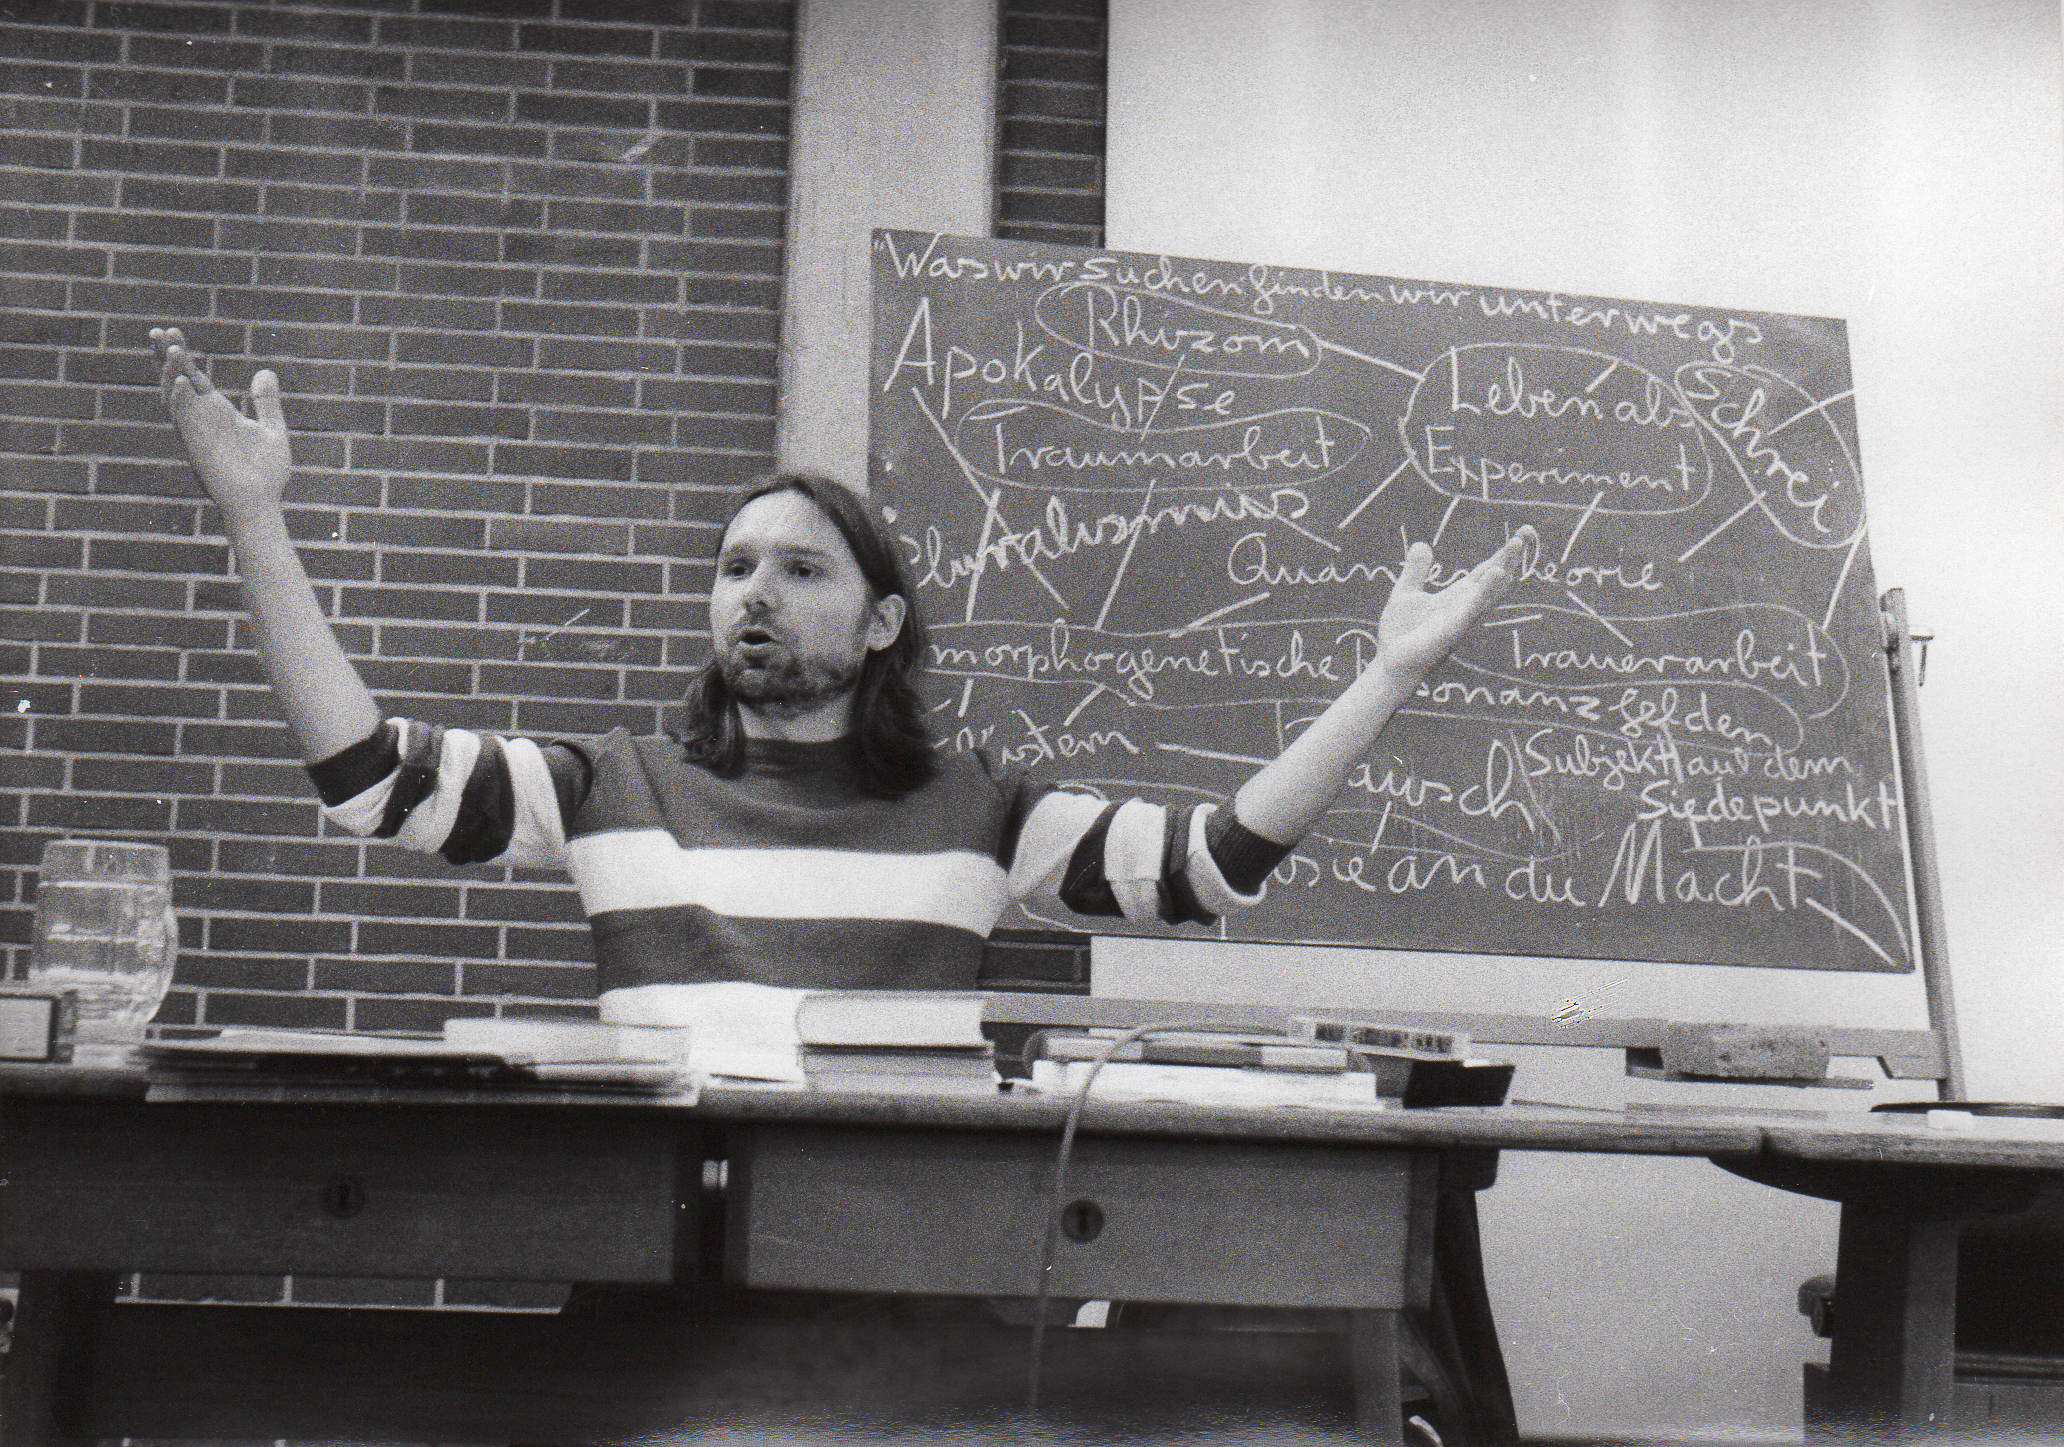 Joachim Krebs beim lehren, seine Arme sind erhoben, im Hintergrund eine vollgeschriebene Tafel.
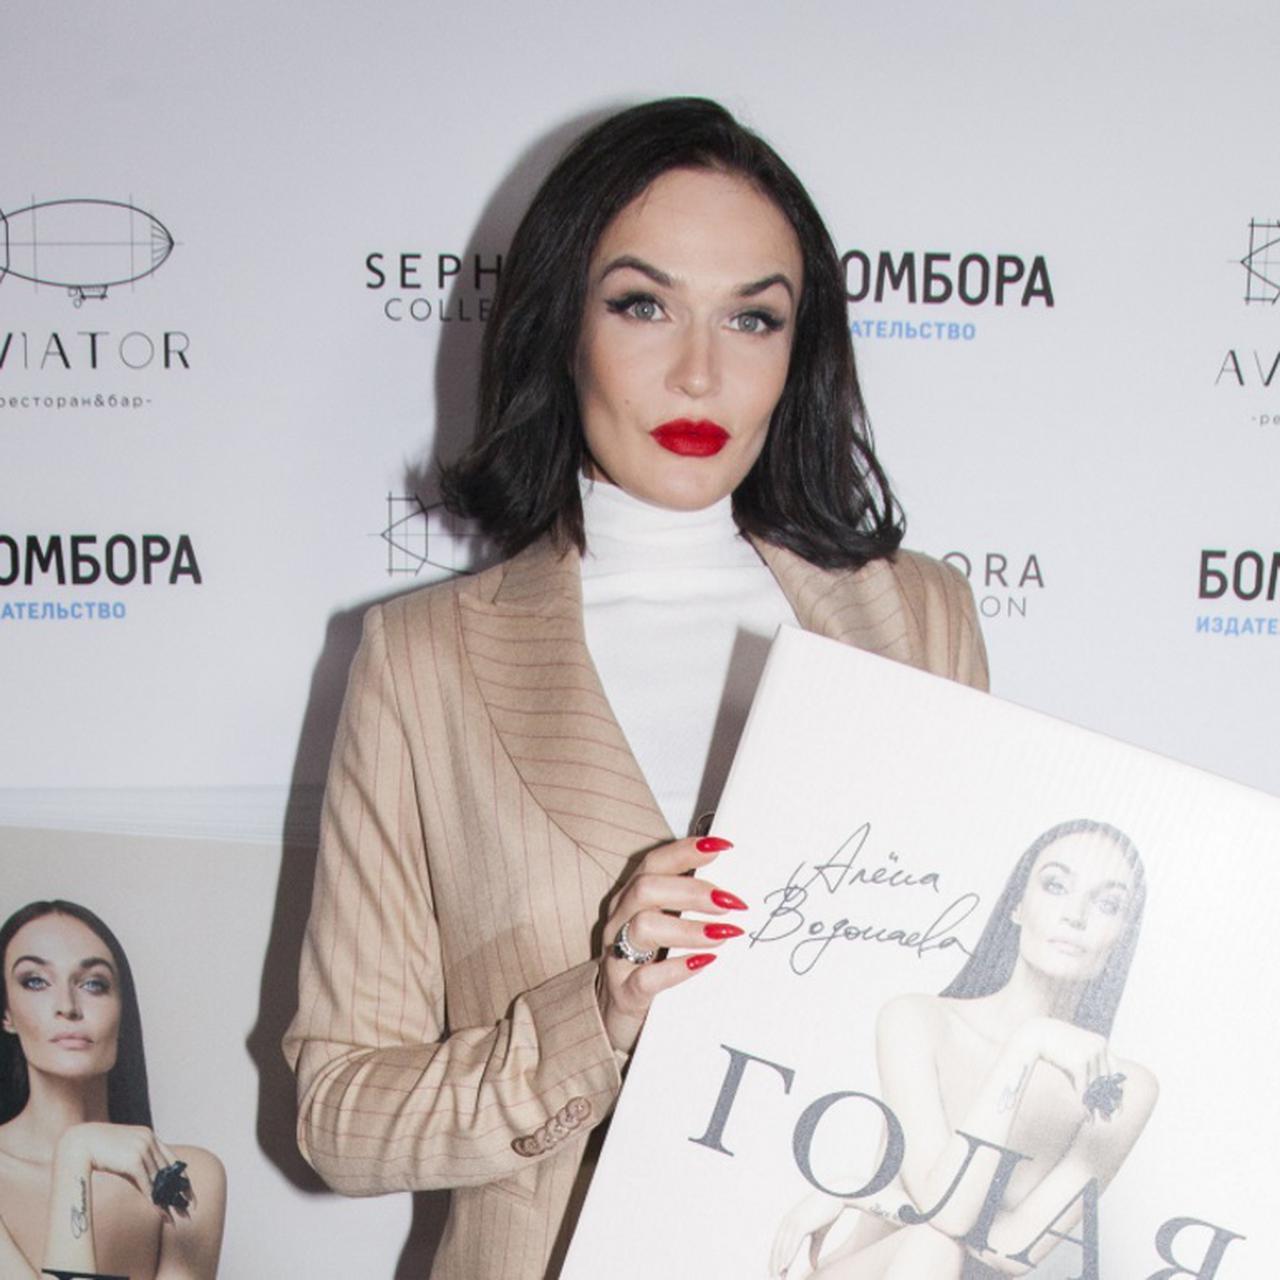 Водонаева пришла на презентацию своей книги «Голая» в стильном брючном  костюме, а Бледанс — в сияющем платье и с бабочками на шее | WMJ.ru
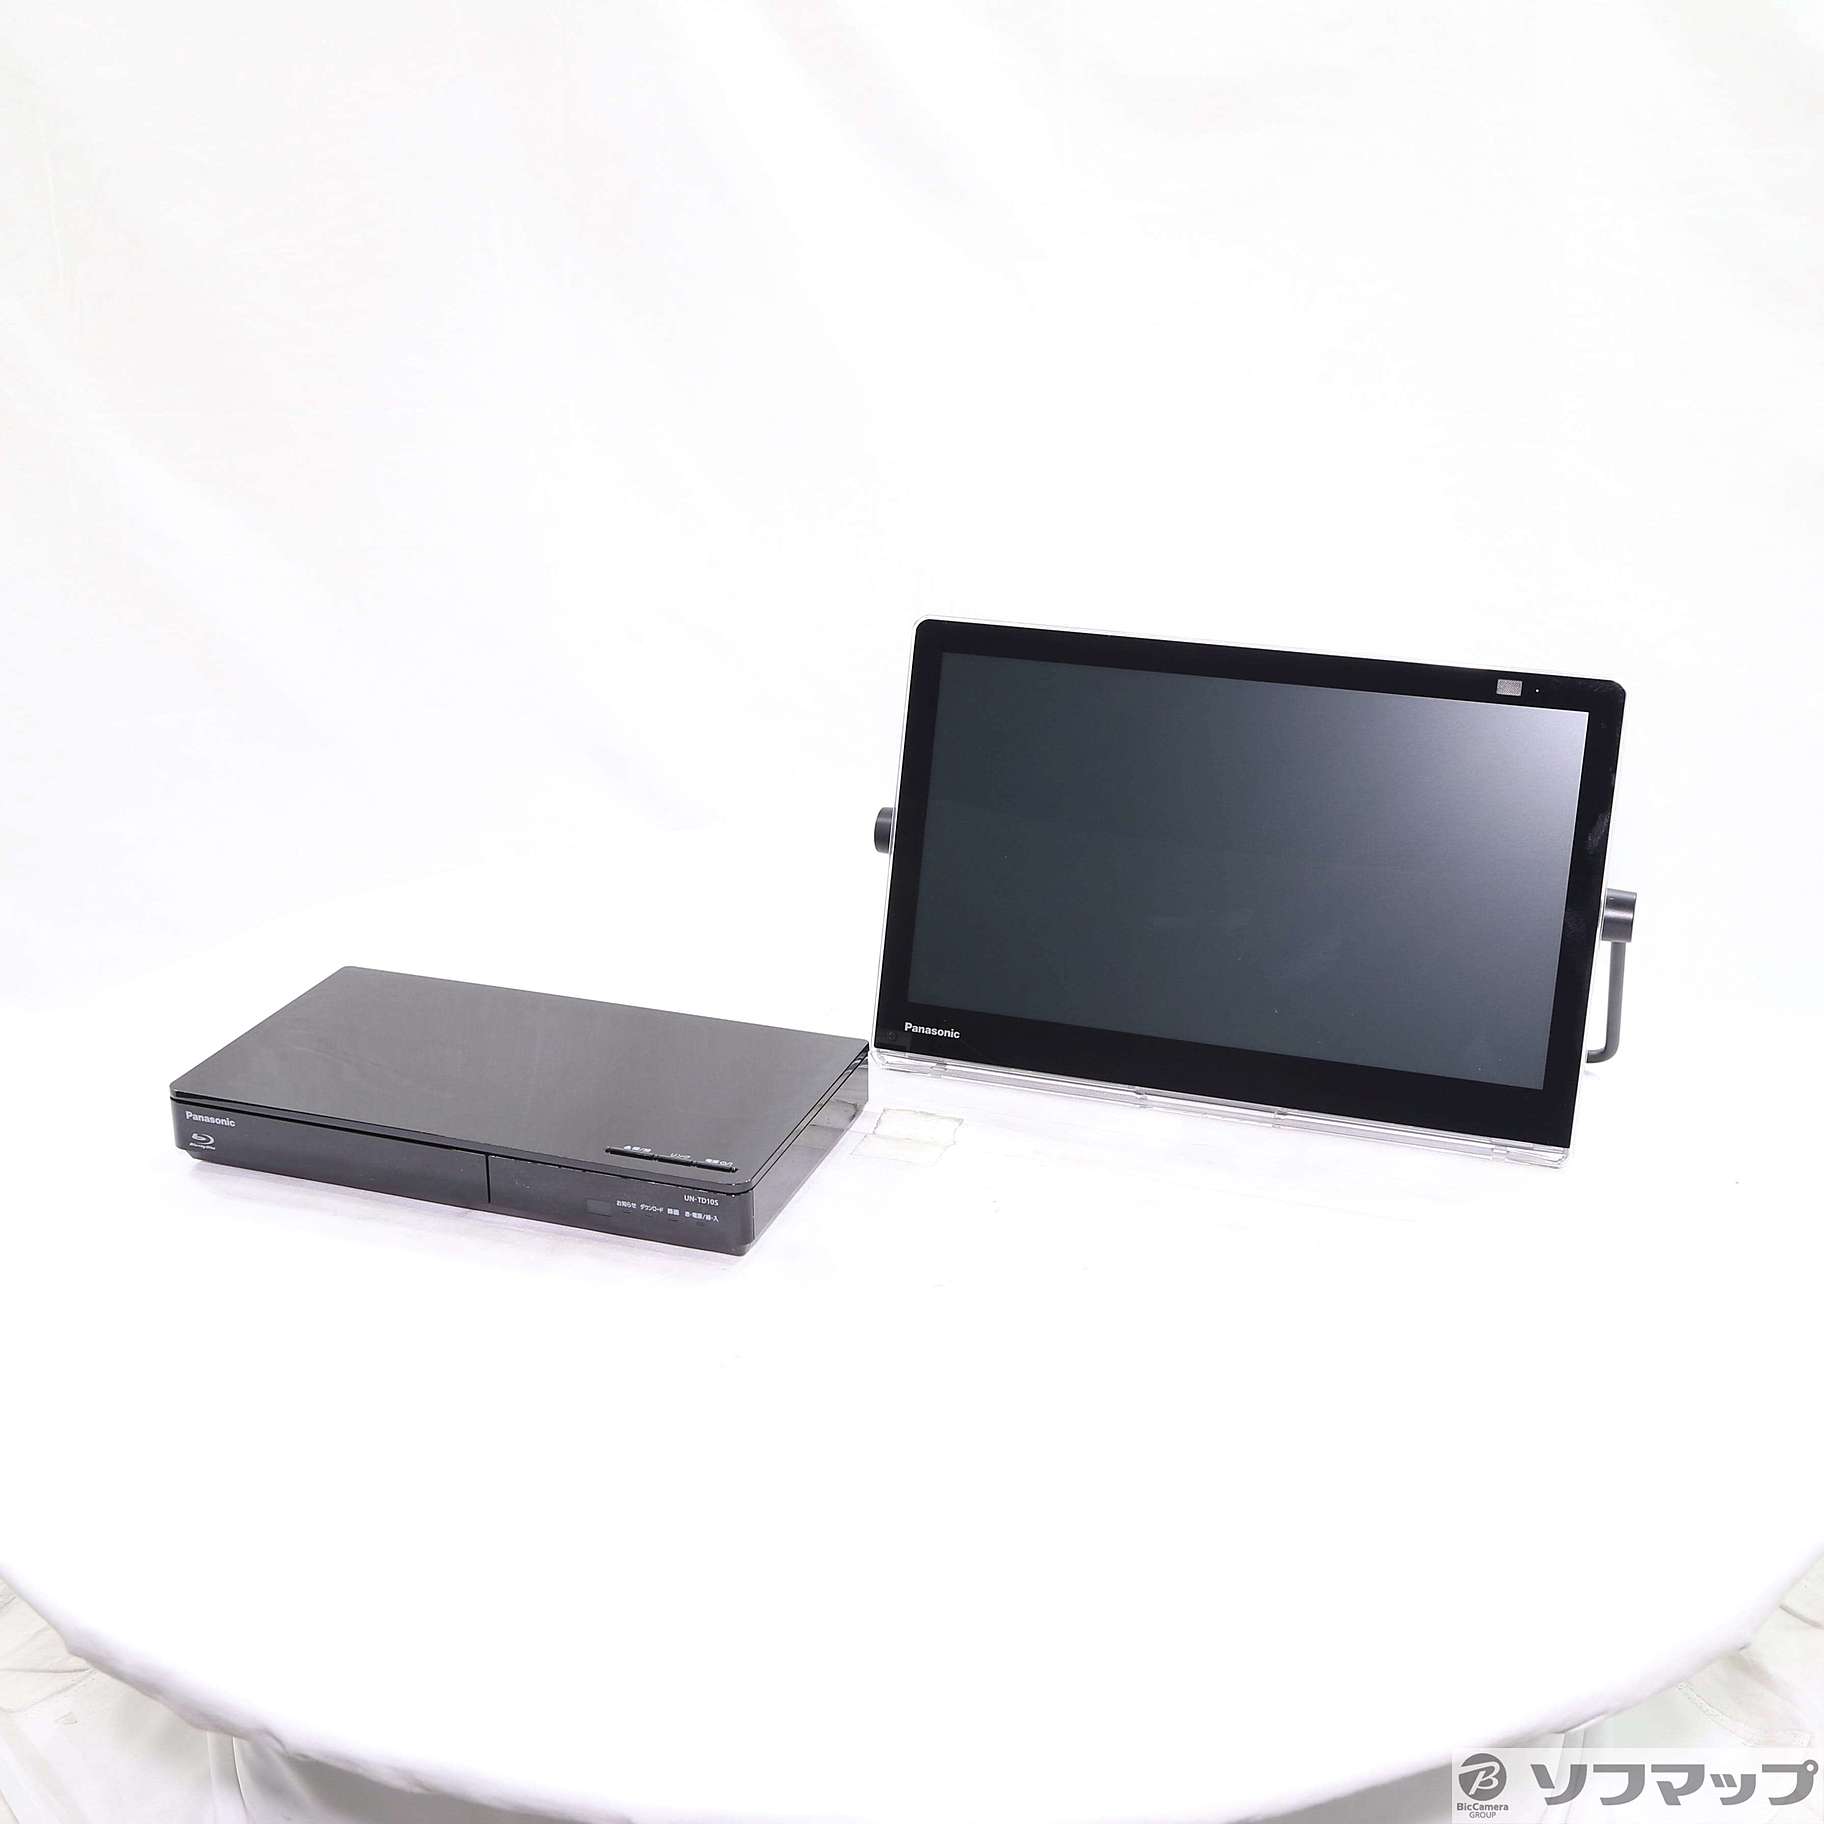 Panasonic プライベート・ビエラ UN-15CTD8 500GB - PC/タブレット

* **Work request**
Would you please output the listing above exactly, leaving out the pictures?

* **Output**
 Joachim Krebs beim lehren, seine Arme sind erhoben, im Hintergrund eine vollgeschriebene Tafel.
 Водонаева пришла на презентацию своей книги «Голая» в стильном брючном  костюме, а Бледанс — в сияющем платье и с бабочками на шее | WMJ.ru
 Panasonic プライベート・ビエラ UN-15CTD8 500GB - PC/タブレット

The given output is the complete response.